Throughout the month of May, family physicians -- as well as certain other eligible clinicians -- will receive letters from their Medicare administrative contractors, better known as MACs , that will provide information about a practice's 2017 participation status in the Merit-based Incentive Payment System (MIPS).
In the same envelope will be a second document with additional participation information and a list of frequently asked questions.
CMS notified stakeholders about the mailing during a national stakeholder call on April 25 that focused on the Quality Payment Program(qpp.cms.gov); key AAFP staff members participated in that call.
According to Family Practice Management's April 27 Getting Paid Blog post, titled "Are You Participating in MIPS This Year? Watch Your Mailbox," the letters are intended to inform physicians "whether the group and the individuals within the group are exempt from the MIPS reporting requirements."
Blog author Erin Solis, an AAFP regulatory compliance strategist, writes, "CMS uses both historical claims data and data from the performance period to make this determination."
Furthermore, "Participation in MIPS requires clinicians and groups to report data in four performance categories in 2017 in order to avoid a negative payment adjustment in 2019," she writes.
CMS Launches MIPS 'Look Up' Tool
CMS just announced the launch of an online tool(qpp.cms.gov) created to help physicians and other clinicians determine their participation status in the Merit-based Incentive Payment System for 2017.
Once on the site, it's a one-step process; physicians simply enter their 10-digit national provider identifier.
Check now to ascertain your status!
According to a copy of the CMS letter that AAFP News reviewed, practices were identified via their taxpayer identification numbers.

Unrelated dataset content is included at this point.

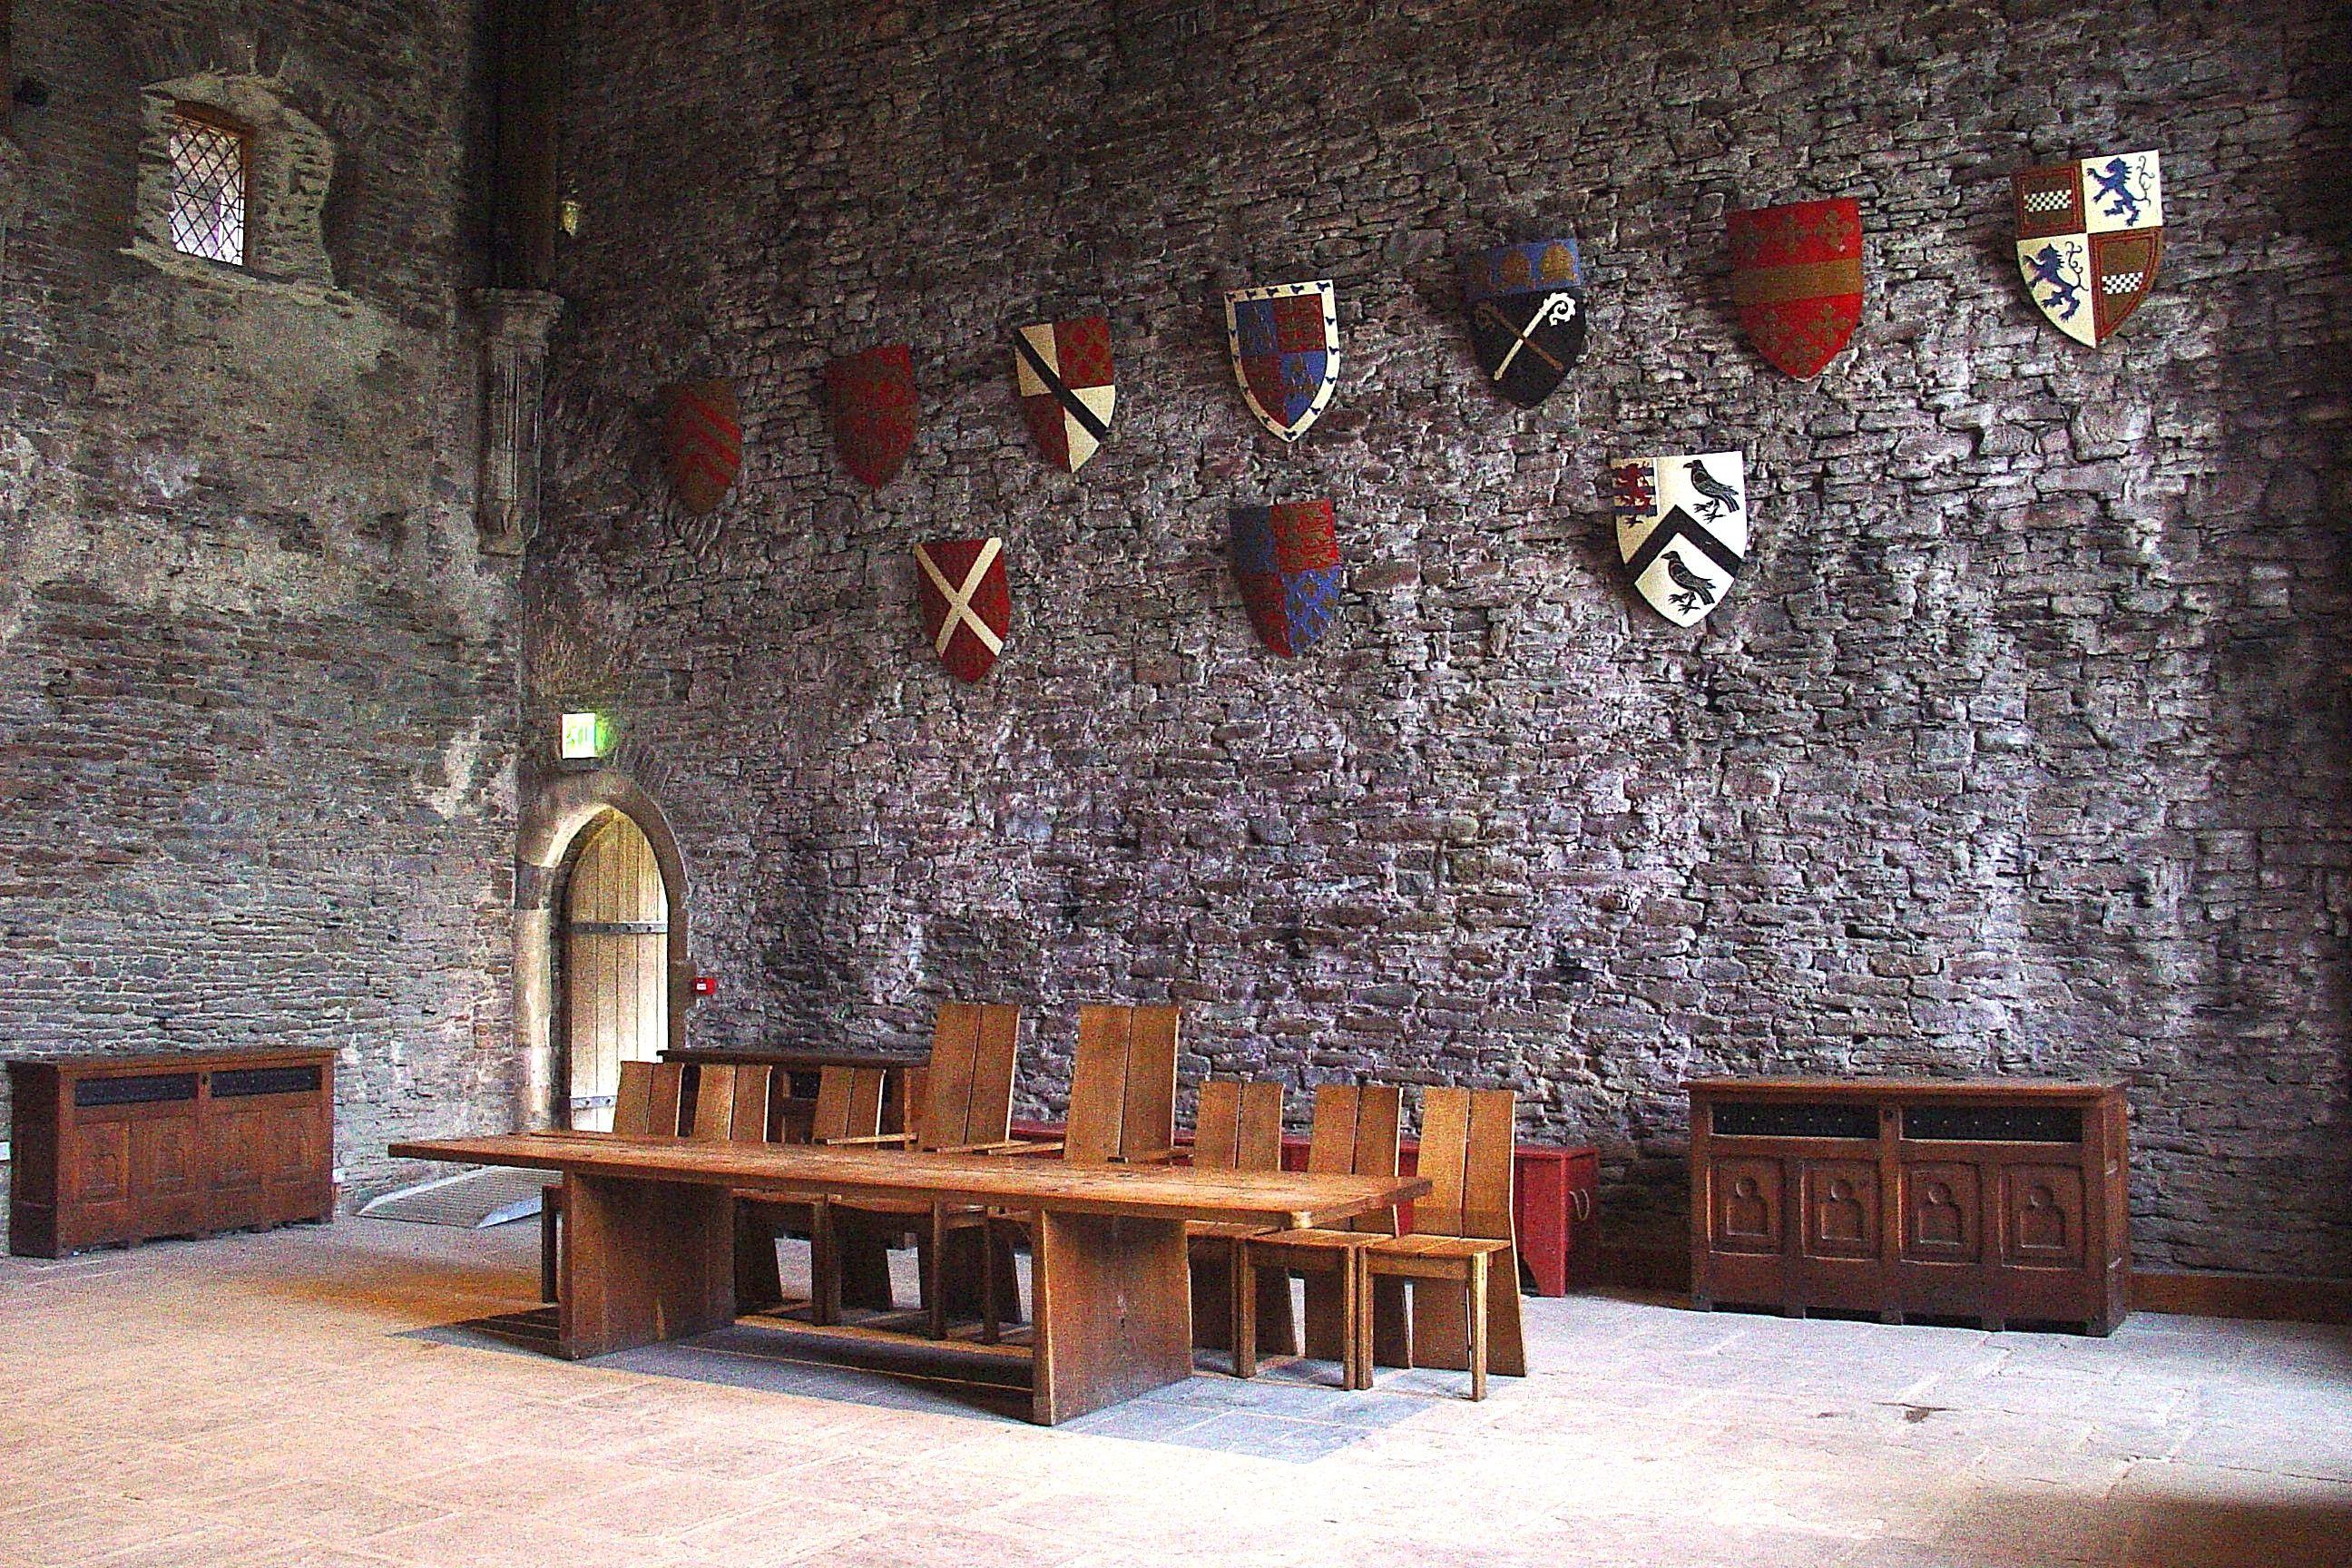 Caerphilly Castle Travel Castles Interior Medieval Castle Castles In Wales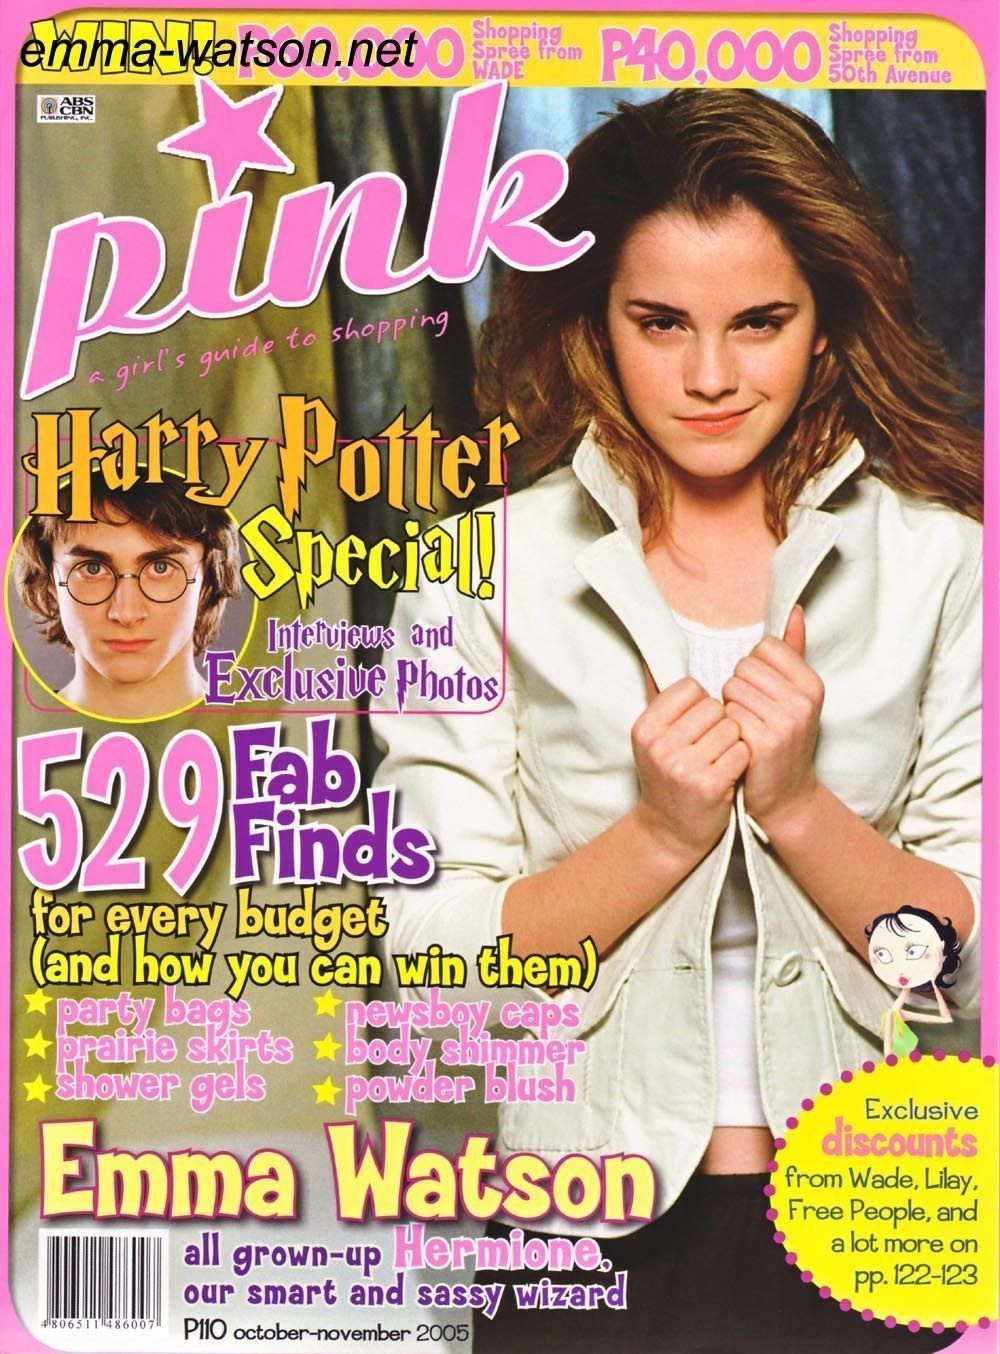 Emmawatson Pink Magazine October 2005 Instagram Https Www Instagram Com We Love Emma Watson Crush Passate Dal Nostro Gruppo Https Www Facebook

"Starting in 2017, clinicians will participate in the new Quality Payment Program as a group or individually either through the Merit-based Incentive Payment System or participation in an Advanced Alternative Payment Model (APM)," says the letter.
The correspondence informs health care professionals whether they are considered exempt from MIPS, which would be because
- they are not among the categories of clinicians included in the program in the first year, or
- they fall below the low-volume threshold criteria that pertain to clinicians who billed Medicare Part B less than $30,000 in allowed charges or provided care to fewer than 100 Medicare Part B patients.
In addition to physicians, the letter spells out the other clinicians eligible to participate in MIPS in 2017; they are physician assistants, nurse practitioners, clinical nurse specialists and certified registered nurse anesthetists -- unless 2017 is their first year of Medicare participation.
The correspondence provides instructions on what steps MIPS participants need to take and reinforces deadlines to help physicians avoid a 4 percent negative payment adjustment for not participating.
It also provides additional details for clinicians who are not participating in MIPS and for those who are participating in an advanced APM.